◆ **DATA SECTION**

▶

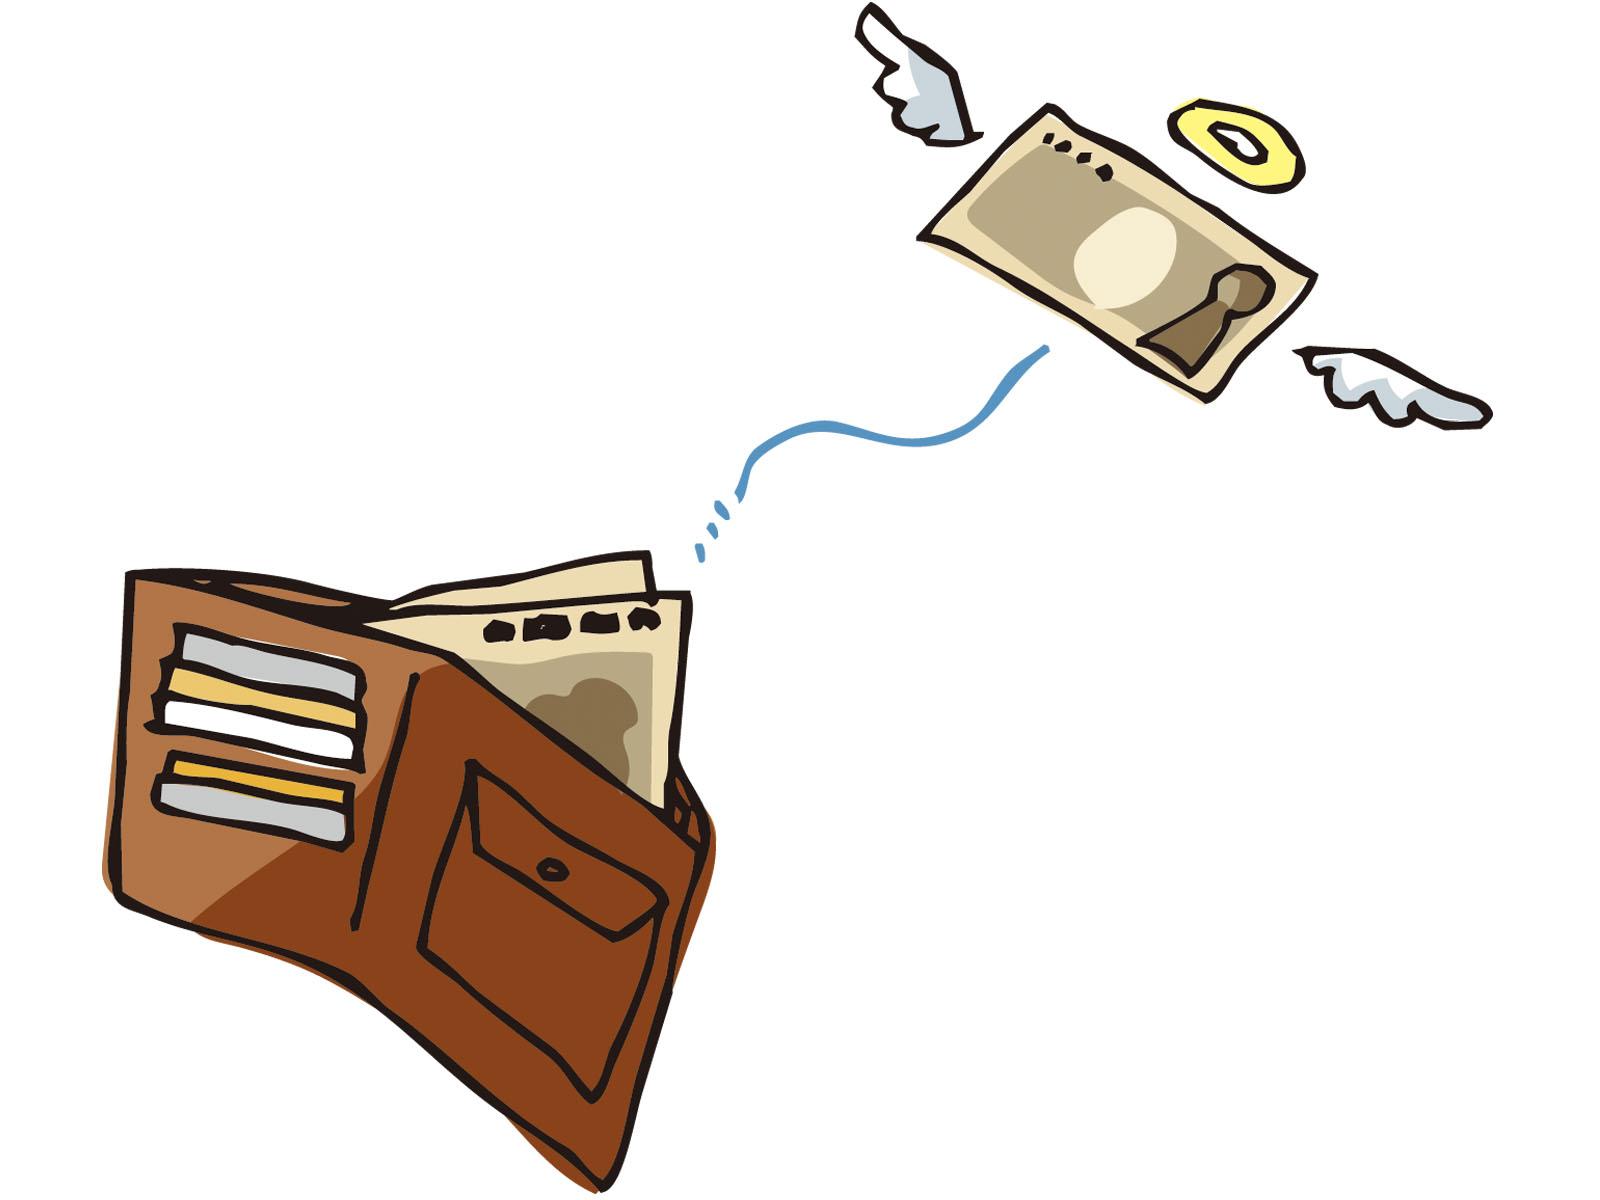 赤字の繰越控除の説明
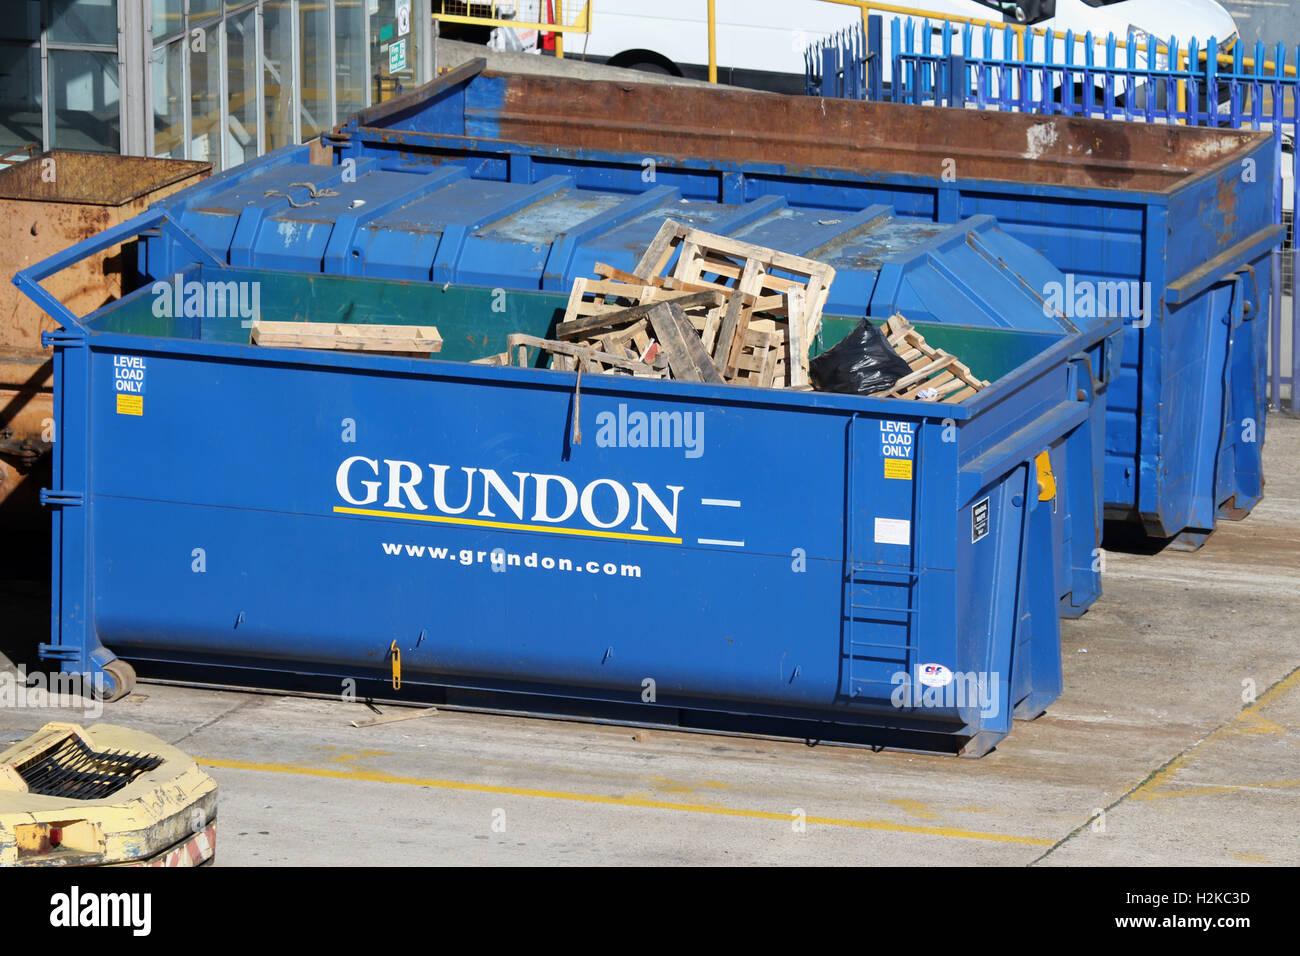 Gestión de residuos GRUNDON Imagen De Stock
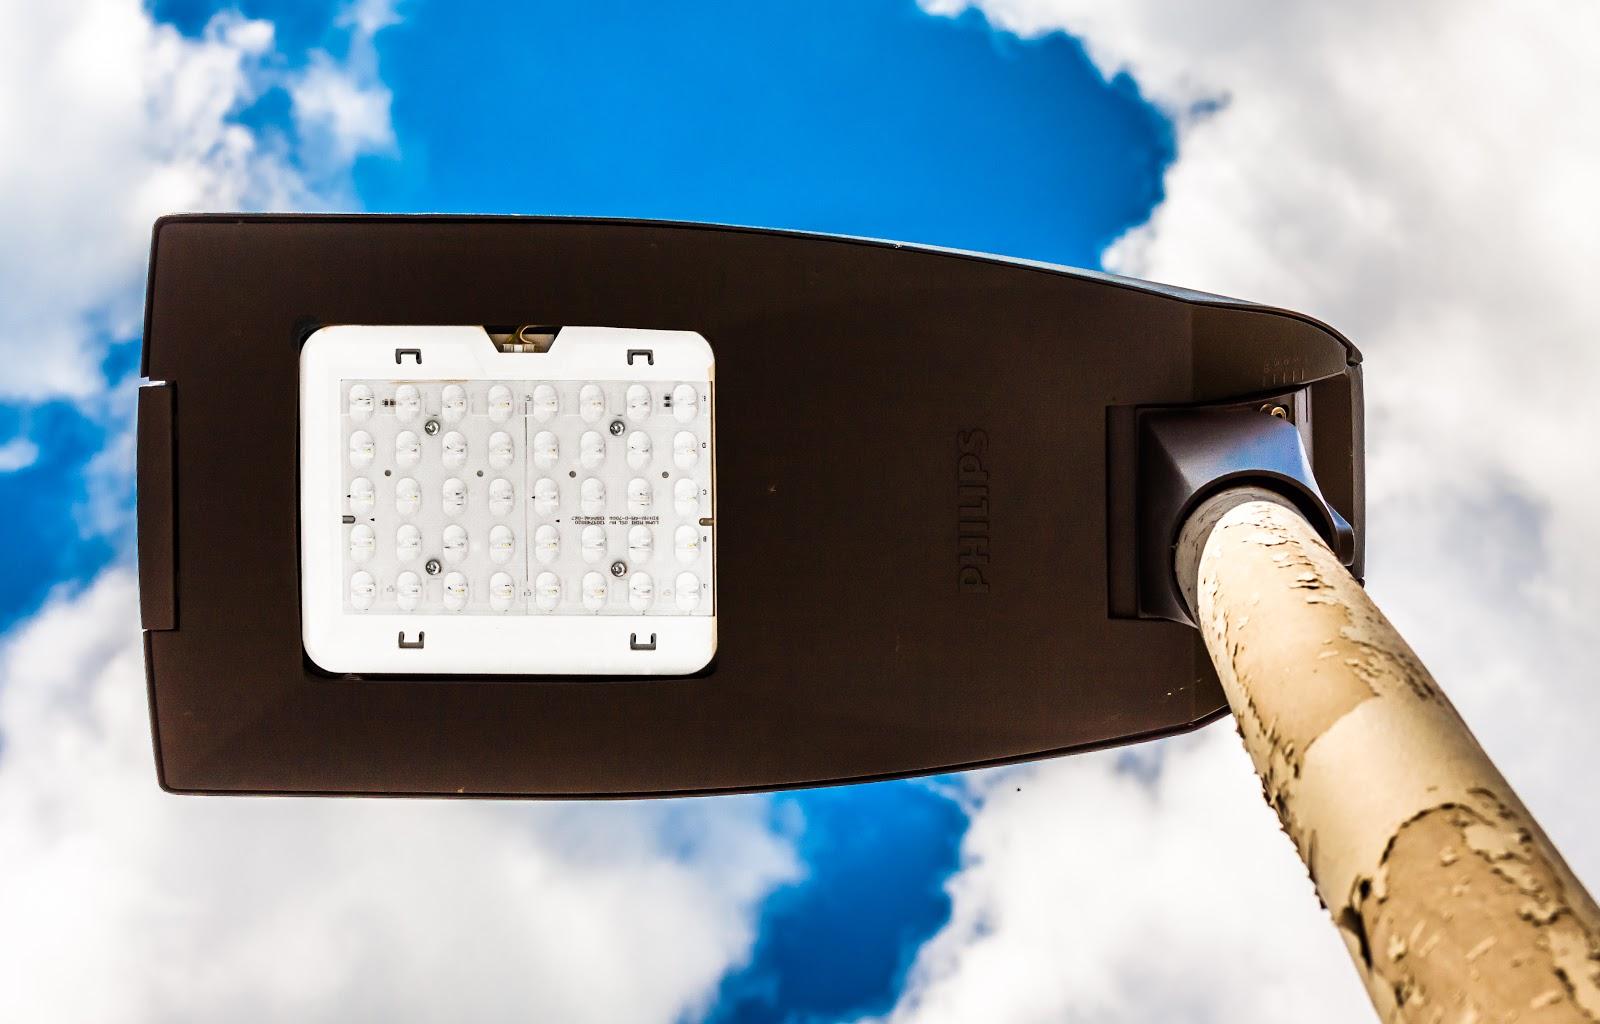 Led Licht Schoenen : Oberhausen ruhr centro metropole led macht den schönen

◀

◆ **EXERCISE BRIEF**
The pictures in the data should be omitted, and every remaining line set down exactly.

◆ **OUTPUT OF THE TASK**
 赤字の繰越控除の説明
 Gestión de residuos GRUNDON Imagen De Stock
 Led Licht Schoenen : Oberhausen ruhr centro metropole led macht den schönen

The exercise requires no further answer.